What's your windy day technique?
Hola! I've just finished a week on Hwy 1 from Hearst to SF. Mostly camping but I did take my 8x10, pelican cases, a wagon, and a tripod that is heavy enough to do bench presses with.
I'm not really a landscape kinda guy, but I had an opportunity to shoot something by the ocean south of Half Moon Bay. And it was windier than Chicago politics. I didn't think much of it, since I rarely do this kinda of stuff, but only when I saw my meter give me something like 8 seconds f/45 on my "box of chocolate, never know what shutter speeds work on my Wolly 159mm that's older than anything I got. I was looking at my ancient Kodak MasterView 8x10 on the heavy tripod and I can see it vibrate a little.
What worked for me, was I have an old bike inner tube, tied it to the rear standard, and tied it to a railing. Then removed the dark slide, hugged the camera like an old GF that I haven't seen in 2 years and probably will never again, and hit the shutter release for I think somewhere between 2 sec and 8 sec.
Wondering what you all do?
Re: What's your windy day technique?
Using a short lens on a camera helps on Windy Days. I tried to use a long lens on my 4x5 Gowland at Mount Rainier once on a day when wind was whipping across the bare snowfields. I gave up because the entire bellows getting pushed left and right to the extend I could see the bellows blocking the image light in the ground glass.
Re: What's your windy day technique?
Add “and Wind” to the title.
Re: What's your windy day technique?
Quote:
Originally Posted by
domaz
Using a short lens on a camera helps on Windy Days. I tried to use a long lens on my 4x5 Gowland at Mount Rainier once on a day when wind was whipping across the bare snowfields. I gave up because the entire bellows getting pushed left and right to the extend I could see the bellows blocking the image light in the ground glass.
Dang that's really windy!!!
Re: What's your windy day technique?
You could take a Beano, but when out in the woods I just let 'em rip.
Re: What's your windy day technique?
I live in the Dakotas and know wind
It's blown trains off the tracks here. First strategy is shoot behind a wind block such as my car, shrubs, boulders. Second is to not extend my tripod and spread the legs photo"ing close to the ground
I once set up a tent and shot from inside it.
Kent in SD
Re: What's your windy day technique?
If the wind direction is at an angle to the camera/bellows, a big "golf" umbrella will block it. I always carry one in car truck for just such occasions. I once shot a negative of the Golden Gate Bridge with Marshall's Beach for a foreground with a 610mm apo-Nikkor from the top of a bluff in a driving gale force wind using the umbrella. It worked: not the slightest vibration appeared in the bridge cables which were over a mile away.
Thomas
Re: What's your windy day technique?
Quote:
Originally Posted by
Two23
I once set up a tent and shot from inside it.
Kent in SD
Interesting, was thinking today about those "changing tents". NOt a film changing tent but a camping changing tent.

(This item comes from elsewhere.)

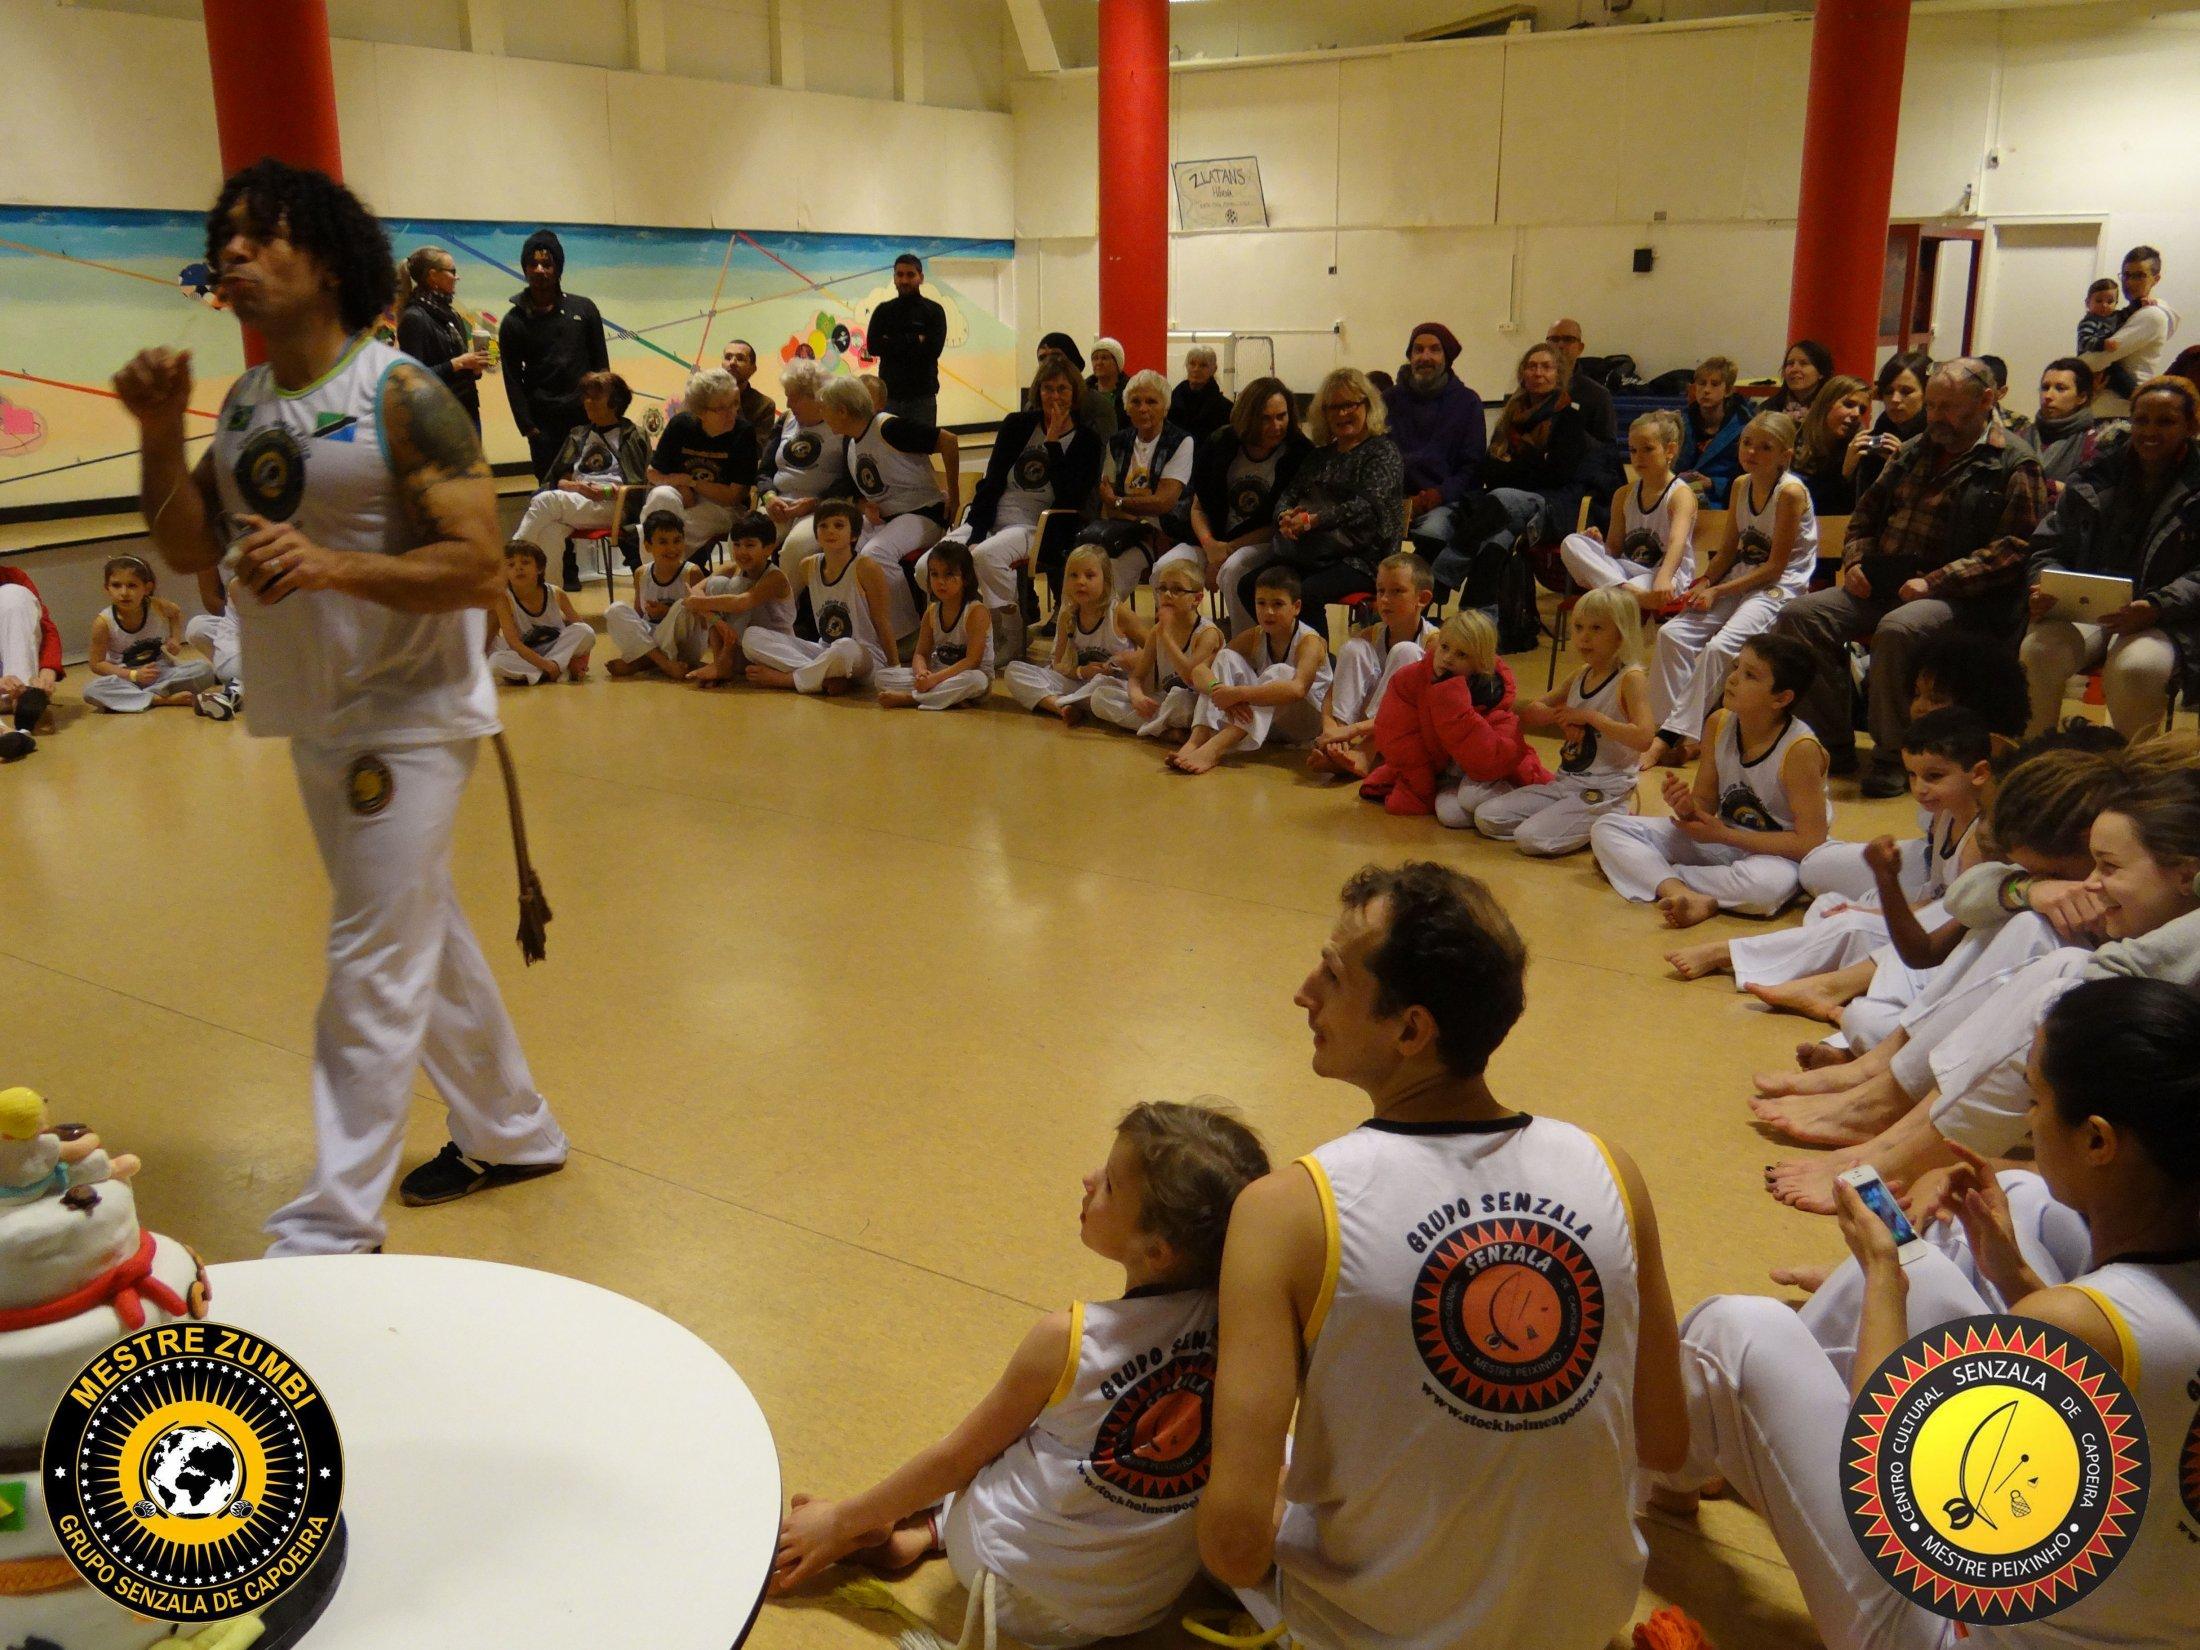 2013-12-14 - Capoeira 010

Re: What's your windy day technique?
Quote:
Originally Posted by
tgtaylor
If the wind direction is at an angle to the camera/bellows, a big "golf" umbrella will block it. I always carry one in car truck for just such occasions. I once shot a negative of the Golden Gate Bridge with Marshall's Beach for a foreground with a 610mm apo-Nikkor from the top of a bluff in a driving gale force wind using the umbrella. It worked: not the slightest vibration appeared in the bridge cables which were over a mile away.
Thomas
Sometimes the easiest answer is the best answer!
Re: What's your windy day technique?
Very windy today. Strategy? I simply gave up. Instead of driving over to the ocean, I just drove uphill a few minutes to the lake, then spent the afternoon walking around it and taking fun otter shots with a Nikon instead. It's been so windy this whole summer, that I've had to use MF far more often than LF. Last night the TV meteorologist explained that because the average temp inland this year, especially in the Central Valley, has been a fully 5 degrees higher on average than the norm for this time of year, heavy coastal fog and wind has been active considerably later in the season than typically.
I have done a number of very precise shots in high wind using both 8X10 and 4x5 gear, but it's risky in terms of equipment damage. More than once I've had the entire 8x10 including big wooden Ries tripod suddenly tossed over twenty feet by a sudden wind gust. Amazingly, each time the landing was on soft herbage. But I'm tired of gambling with that scenario. Can't win every time, so I simply avoid bad wind now, and shoot MF instead under risky conditions. I did break a Sinar front standard riser once when the camera landed on a granite boulder during a severe thunderstorm. It was an easy component to replace; but if that had happened to one of my wooden folders, they would have been broken into splinters.